HRW et la FIDH ont recueilli de nombreux témoignages à Goma à propos d'hélicoptères qui auraient fait à maintes reprises le trajet entre le Rwanda et la zone du Masisi, apparemment pour des raisons militaires120 . De nombreux habitants de Goma ont déclaré qu'on pouvait voir régulièrement des convois de camions de soldats de l'APR provenant de Gisenyi au Rwanda et se dirigeant dans la zone du Masisi. Il est probable que certains de ces soldats ont été utilisés lors des attaques contre des civils perpétrées dans la zone du Masisi et décrites par des villageois de la zone à HRW et à la FIDH. Les habitants de Goma ont également parlé de l'insécurité générale régnant dans la ville et due en grande partie aux fréquents pillages et meurtres qui seraient l'oeuvre de soldats rwandais qui repasseraient souvent discrètement la frontière rwandaise suite à leurs exactions121 .

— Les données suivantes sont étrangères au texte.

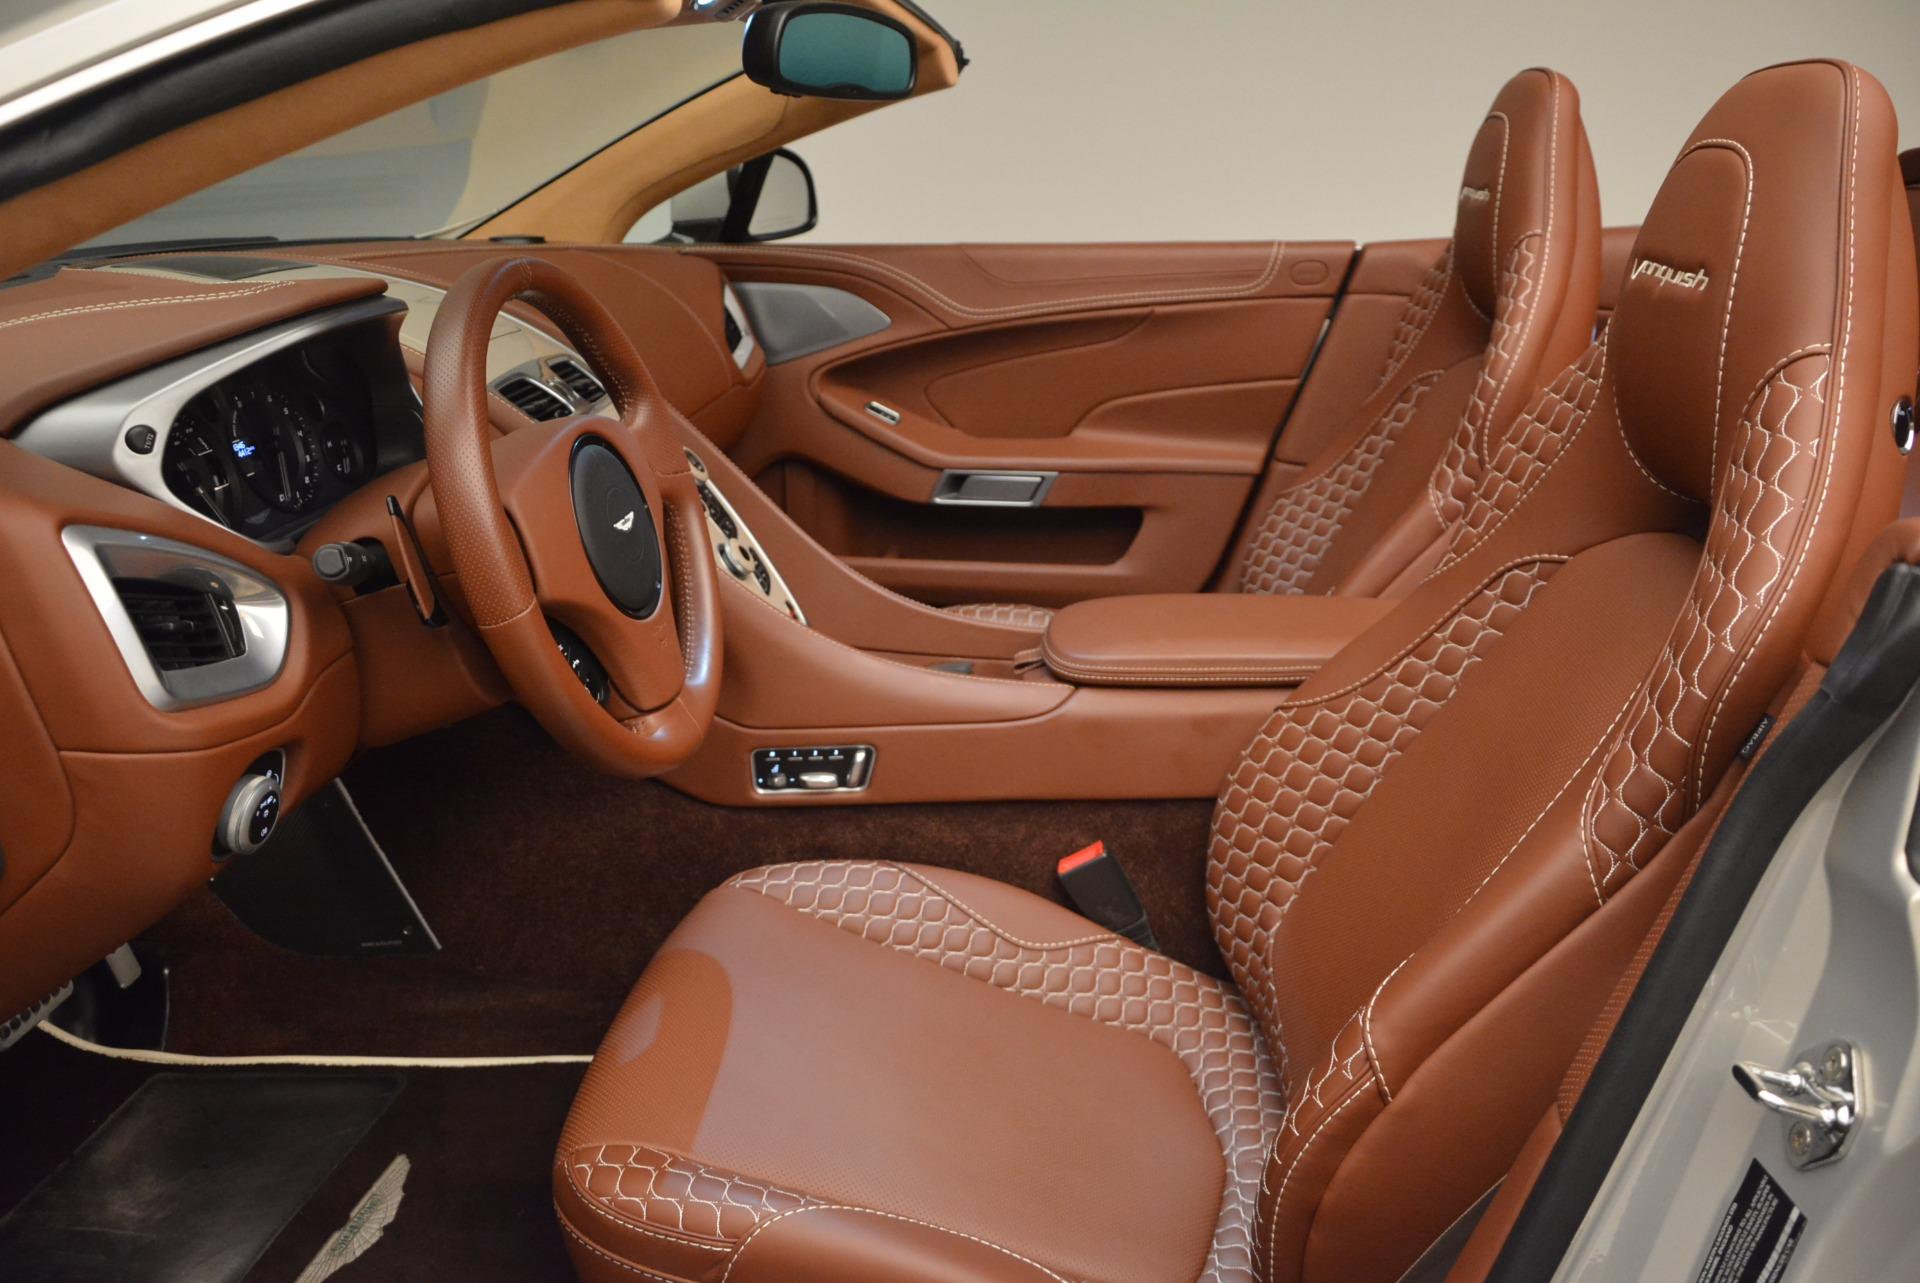 Used 2015 Aston Martin Vanquish Volante For Sale In Greenwich, CT 1448_p20

Le manque d'institutions législatives ou judiciaires en état de fonctionner au Congo et capables d'aborder ces problèmes a provoqué un regain de violence depuis mars 1997. Il est probable que ces cycles de violence continueront ou s'intensifieront dans l'Est du Congo, et peut-être dans d'autres provinces, si des solutions politiques aux problèmes fondamentaux que sont la citoyenneté, le droit foncier et le pouvoir coutumier ne sont pas trouvées. Le commandant de la 4ème Brigade Militaire du Congo stationnée à Goma a déclaré peu après son arrivée dans cette ville à la fin juillet qu'il n'y aurait "pas de prison pour les tueurs, les bandits et les voleurs armés" et il a ajouté que les soldats ou les bandits pris en train de commettre des crimes feraient l'objet d'exécutions publiques122 .






113 Principalement Hunde et Nyanga, ces milices comprenaient des membres des Nande, des Tembo et autres groupes.

114 Les Banyarwanda sont des personnes dont les ancêtres proviennent du Rwanda.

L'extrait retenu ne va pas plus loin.